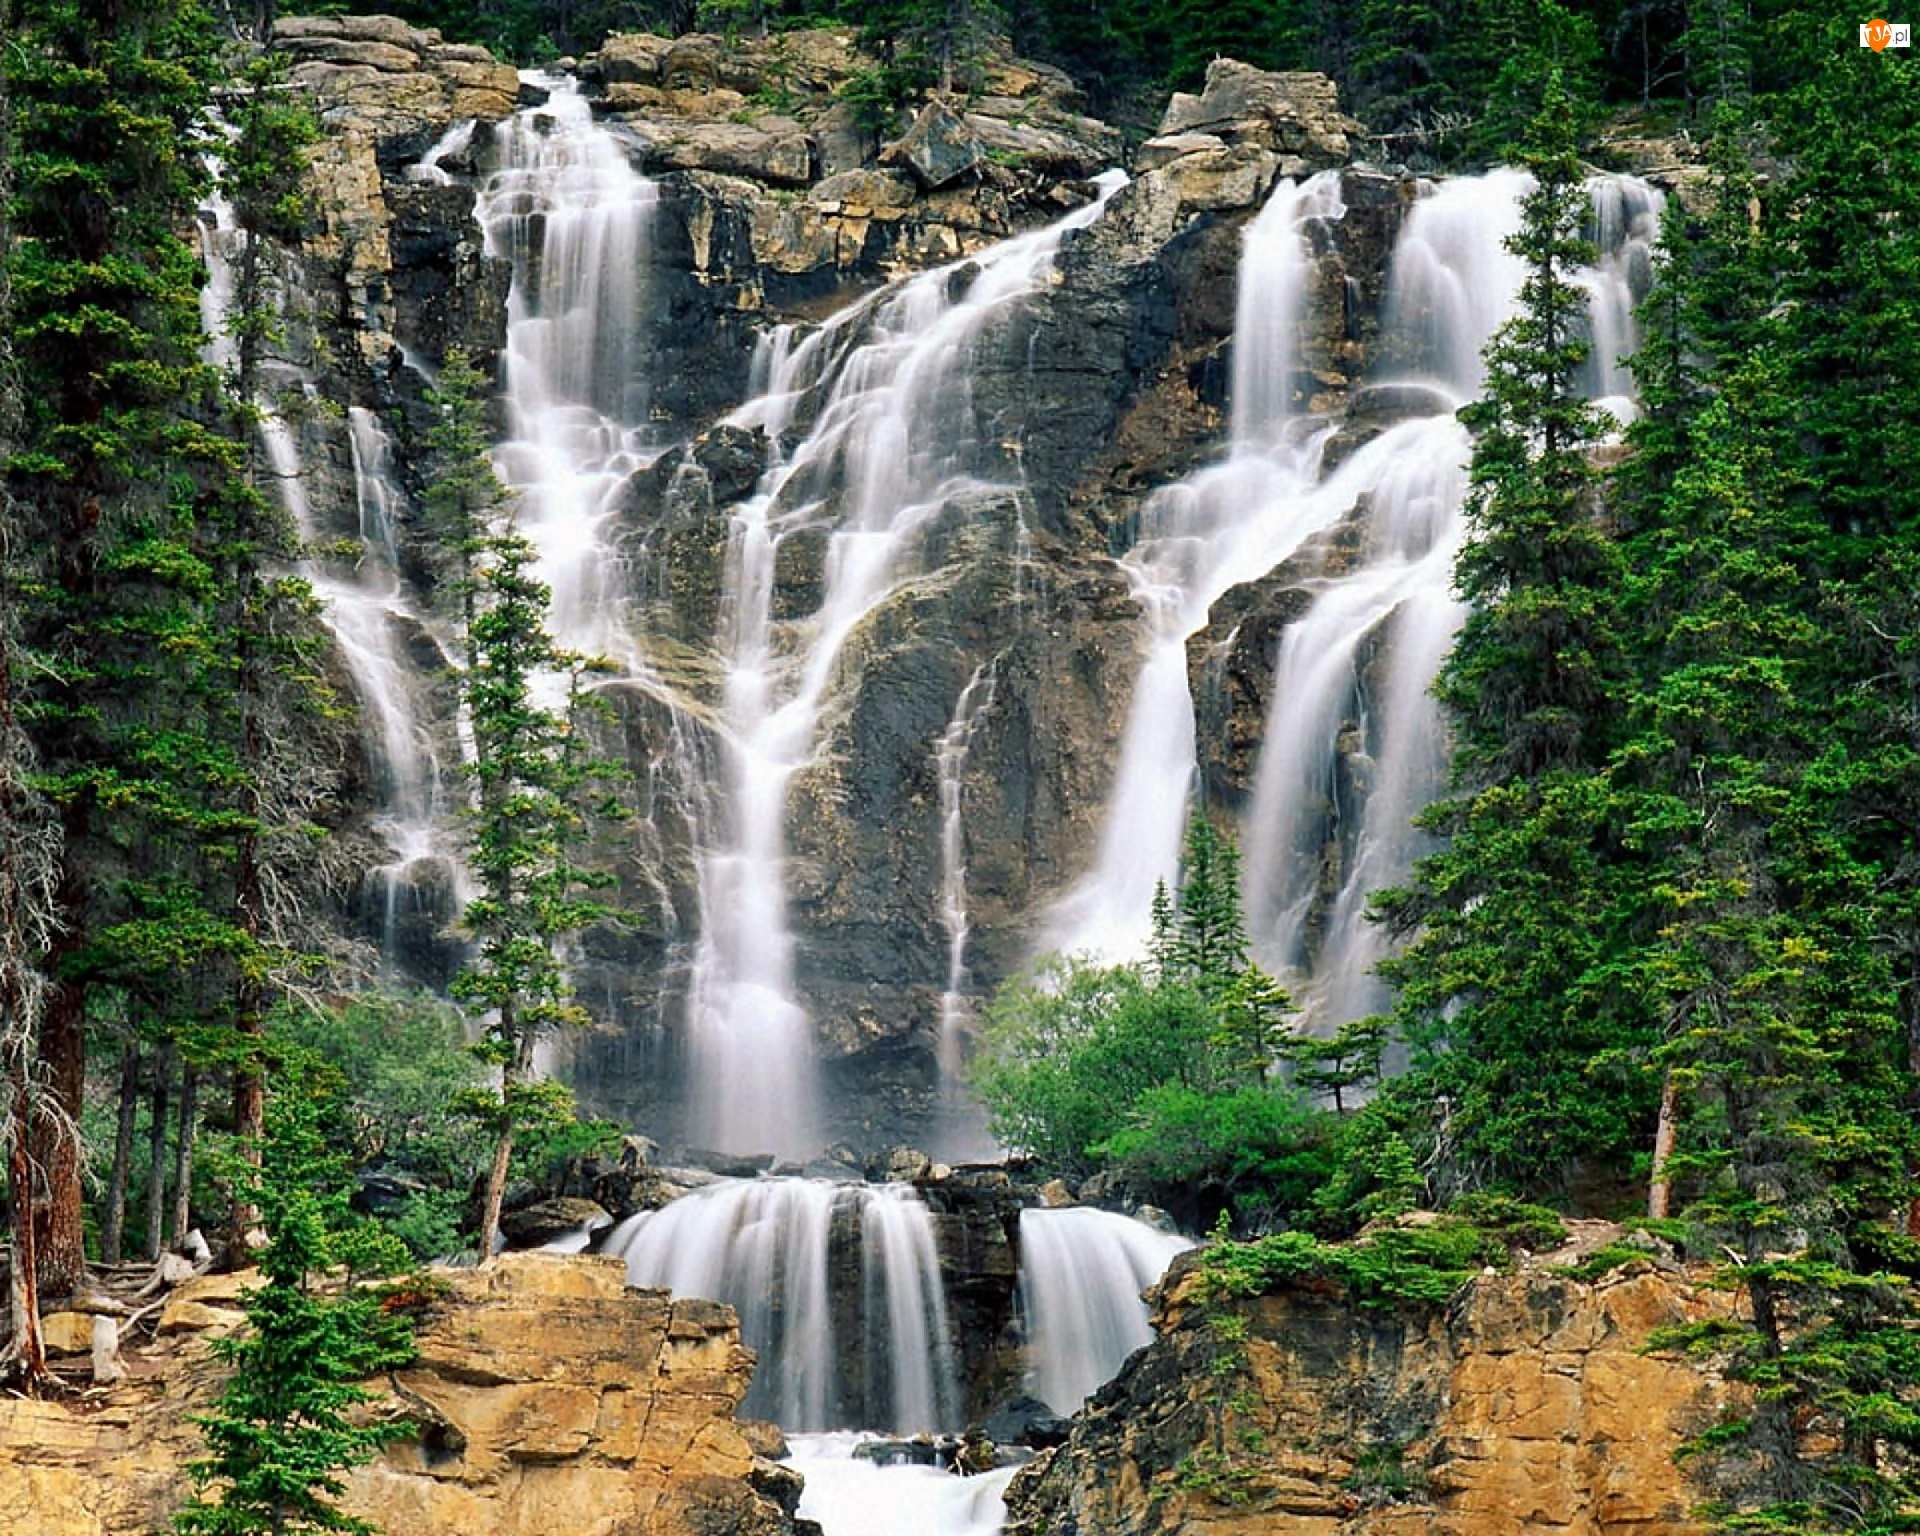 Kanada, Wodospad Tangle Creek Falls, Park Narodowy Jasper, Prowincja Alberta
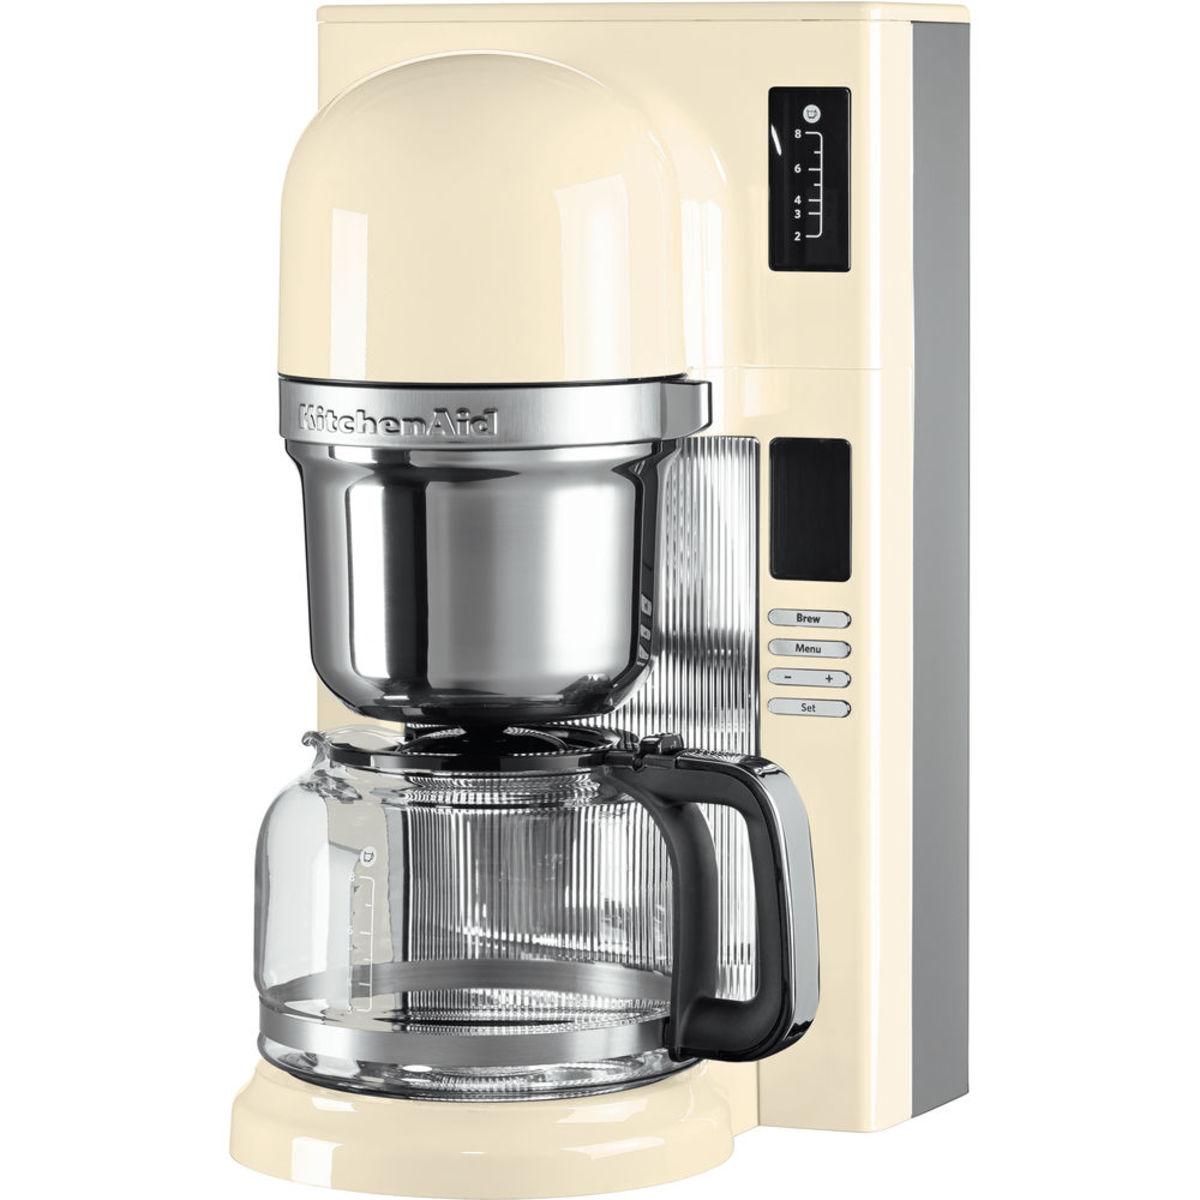 KitchenAid 5KCM0802BAC Pour Over Coffee Brewer, Almond Cream
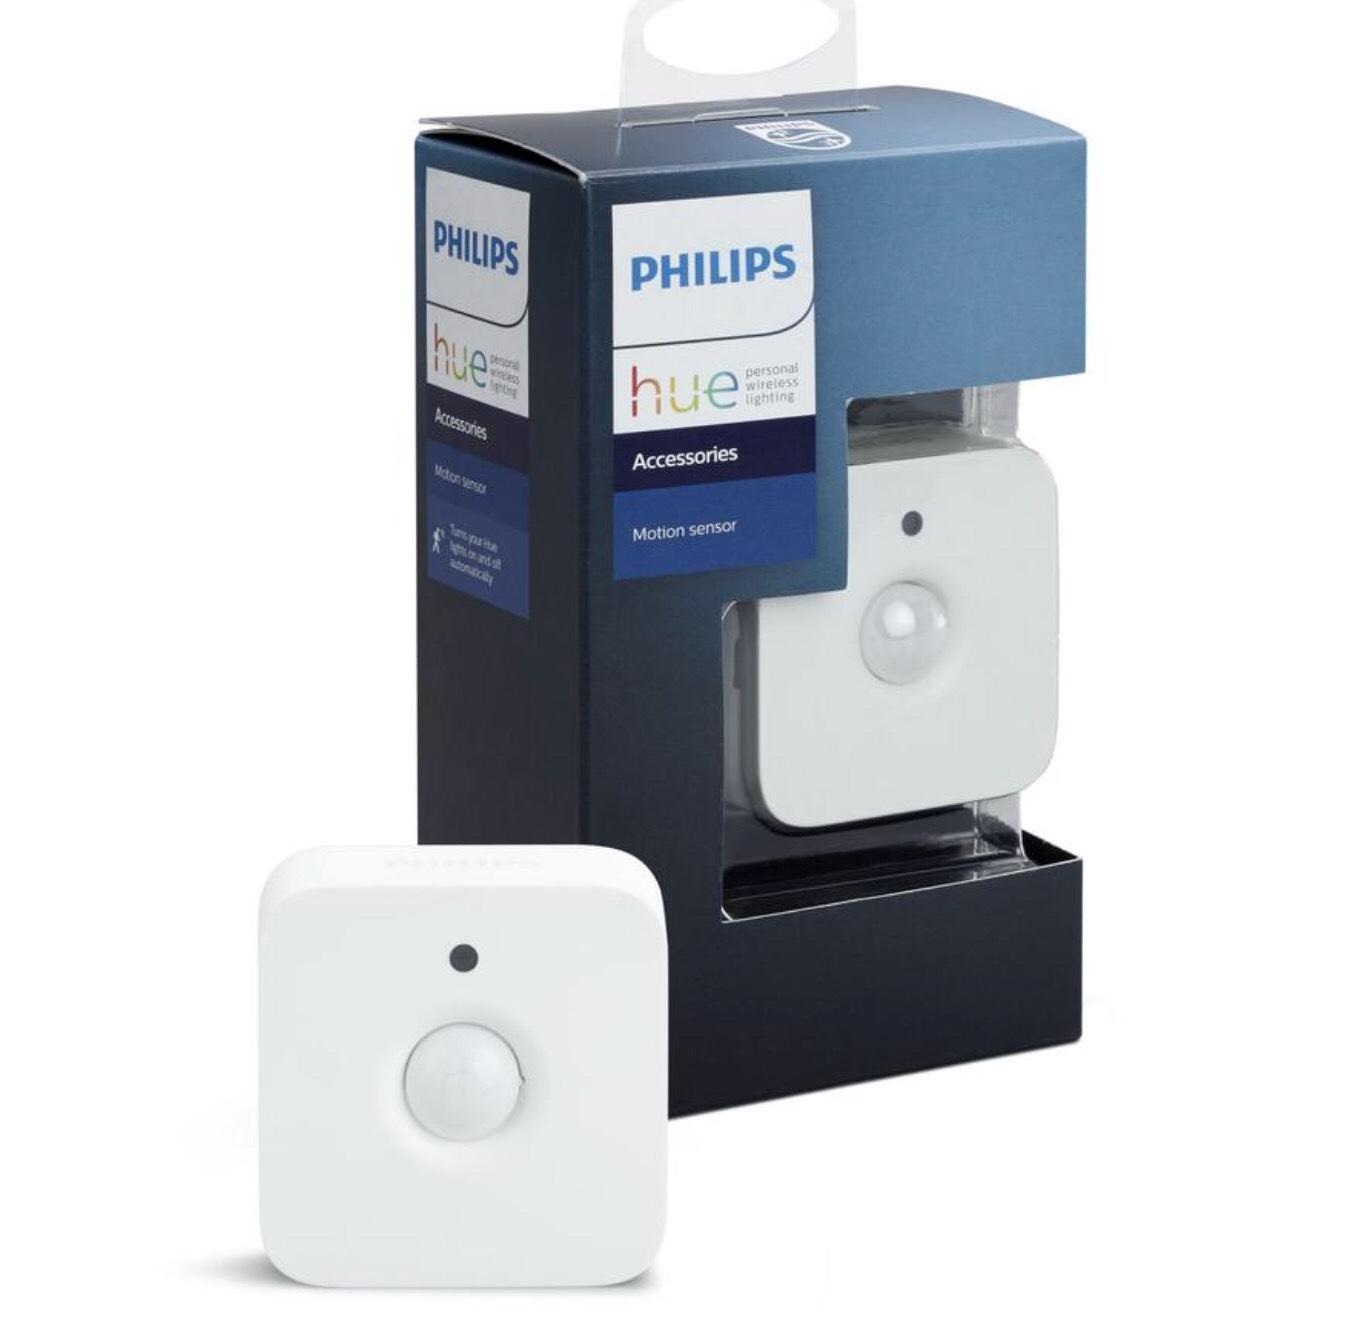 philips hue bewegungssensor motion sensor. Black Bedroom Furniture Sets. Home Design Ideas

• Task objective:
The whole listing is to be written out exactly; the pictures stay out of the copy.

• Written reply:
 Kanada, Wodospad Tangle Creek Falls, Park Narodowy Jasper, Prowincja Alberta
 KitchenAid 5KCM0802BAC Pour Over Coffee Brewer, Almond Cream
 philips hue bewegungssensor motion sensor. Black Bedroom Furniture Sets. Home Design Ideas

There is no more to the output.